Saturday, September 20, 2008

Taking It All In

Well, I have decided to stop counting. I have quit trying to calculate how many days in the last couple of months that the kids and I have been in our pajamas all day, or how many corn dogs they have eaten, how many hours of Playhouse Disney they've watched or just how many times I have burst into tears when some unsuspecting friend calls to see how we're doing.

It's been quite an interesting experience, this pregnancy--way different than my other two. It has left me feeling rather defeated from time to time. Just when I think I am getting back to feeling normal, I wake up and spend the day, umm.....sick. (I'll spare you the details) I am approaching the 18 week mark and have some strong medicine that has helped me through those yucky days. Hopefully all will be well now.


Although I know it doesn't help to dwell on the down side, I have found it very encouraging to count the ways that I've been blessed during all of this. How many times has my husband come home from work only to take over my duties and let me rest? Countless. How many friends or family members call or email to see how I'm doing on a weekly basis? Or how many times has someone come to the rescue with a meal, some company, a listening ear or encouraging words? Also, too many to count. I am thinking that the good definitely outweighs the bad in all this.

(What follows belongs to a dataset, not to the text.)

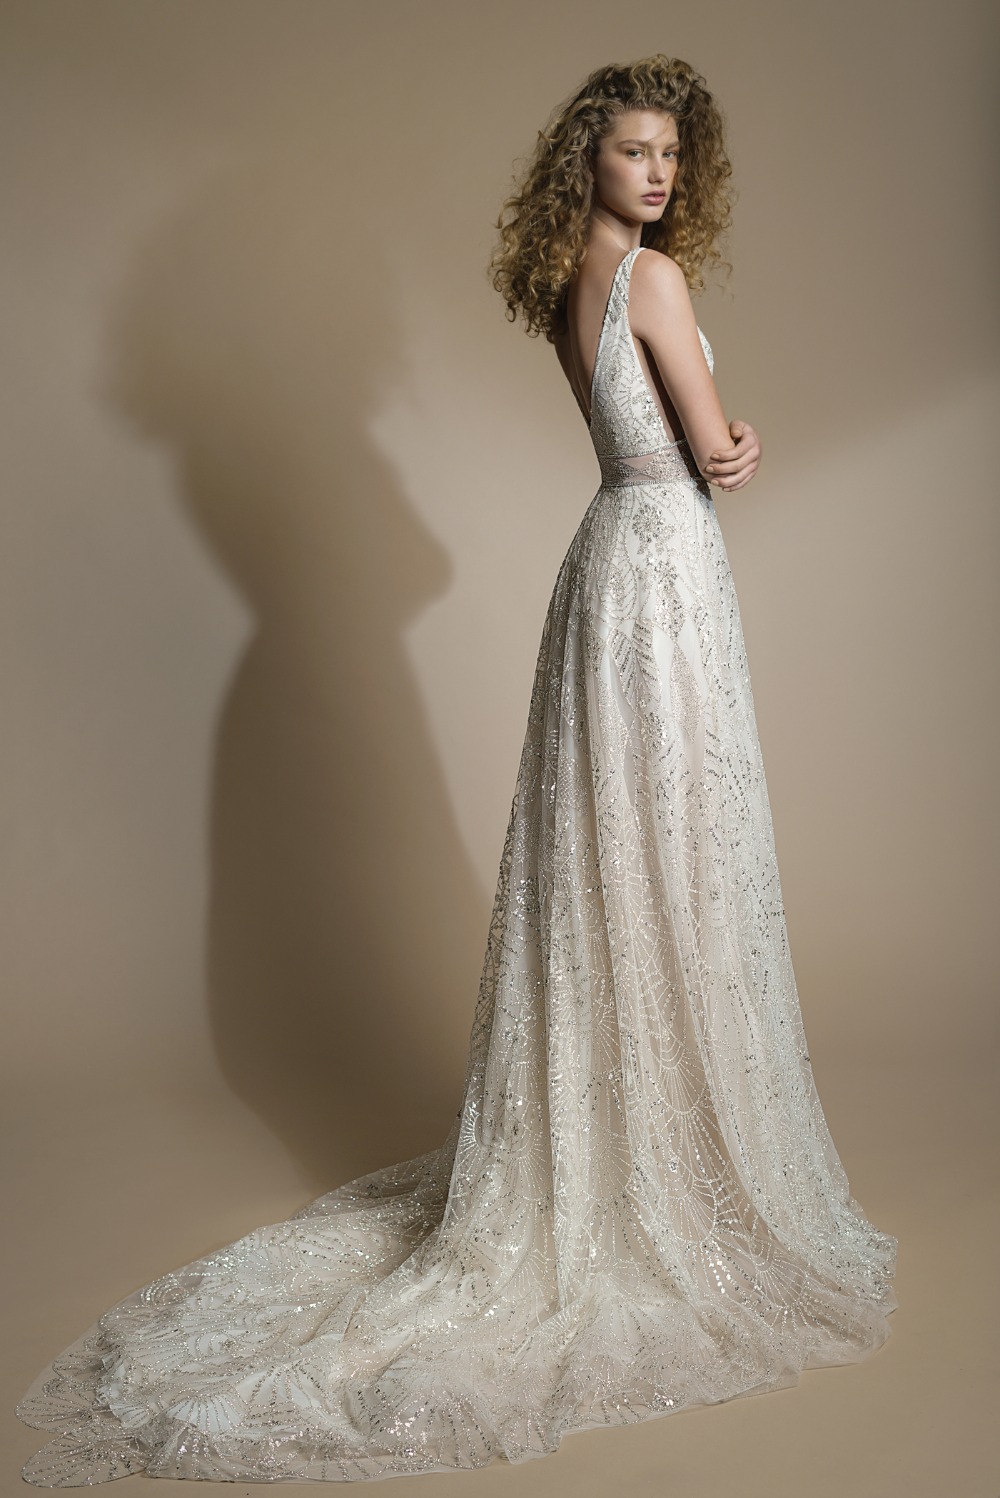 shimmering sequined tulle with a striking Galia Lahav wedding dress with a geometric silver patter over a nude background

So, here I am, drawn once again back to the main reason I started this blog in the first place...to find the good and beautiful things in life and dwell on them. To think about things that are true and good and lovely, like good friends, pleasant children, a loving husband, a long nap on a rainy afternoon, unexpected help and encouragement from people who love us, good food at just the right time, a package in the mail, letters from my mother and grandmother, end of summer days that are just the perfect temperature, the joy of fall coming and all the fun that brings, the fact that I am starting to enjoy my kitchen again ...and of course, NEW LIFE!

8 comments:

Amber said...

I love this post. It was encouraging. I hope you feel better soon. I'm praying for you. I guess you find out soon what the gender is - that is, if you want to find out. That's so exciting!!

mKhulu said...

You are the best writer in your family. You are also my favourite!

jessica said...

Oh, how I can relate to this, and I started my blog for the same reason. It really did help me to consciously look for the good even though I often found it challenging at the time. I wouldn't have made it without those meds either! I'll be praying for you.

Rebecca said...

You are doing great!--Keep at it! So nice to hear from you. I wish I lived closer to help you out a bit, but I will continue praying.

Anonymous said...

Blogging has helped me to look at the bright side too. How wonderful that you find so much to be thankful for when you aren't feeling well.

I hope that you start feeling better soon and I encourage you not to feel guilty! The kids are fine staying in their PJs and watching TV. Life will change at some point and you can get back to normal.

gina said...

Thanks for all this encouragement, friends! I should have posted this sooner, but all your feedback would have left me in a puddle of thankful tears. ("Mommy's crying again!") Better this way, I suppose. It's easy to feel, when you're blogging, that everyone else has it all together. But we all have to remember that we're only seeing a tiny glimpse into each others lives. And for the most part, it's the fun stuff. It's good to see the world through bloggy colored glasses!

Anonymous said...

Weep with those that weep, and rejoice with those that rejoice. We get to do both of those with you right now. What a blessing to have people to go through life with.

Shelly said...

Gina, I'm so glad you're feeling better. BELIEVE me, I know exactly how you feel. It's funny how much you miss the normal things. Things like cleaning the house or putting your kids to bed. Maybe it's times like these that make us appreciate just being able to take care of our family, even if it's just making their favorite sandwich! So happy that you can return to those simple, pleasant things!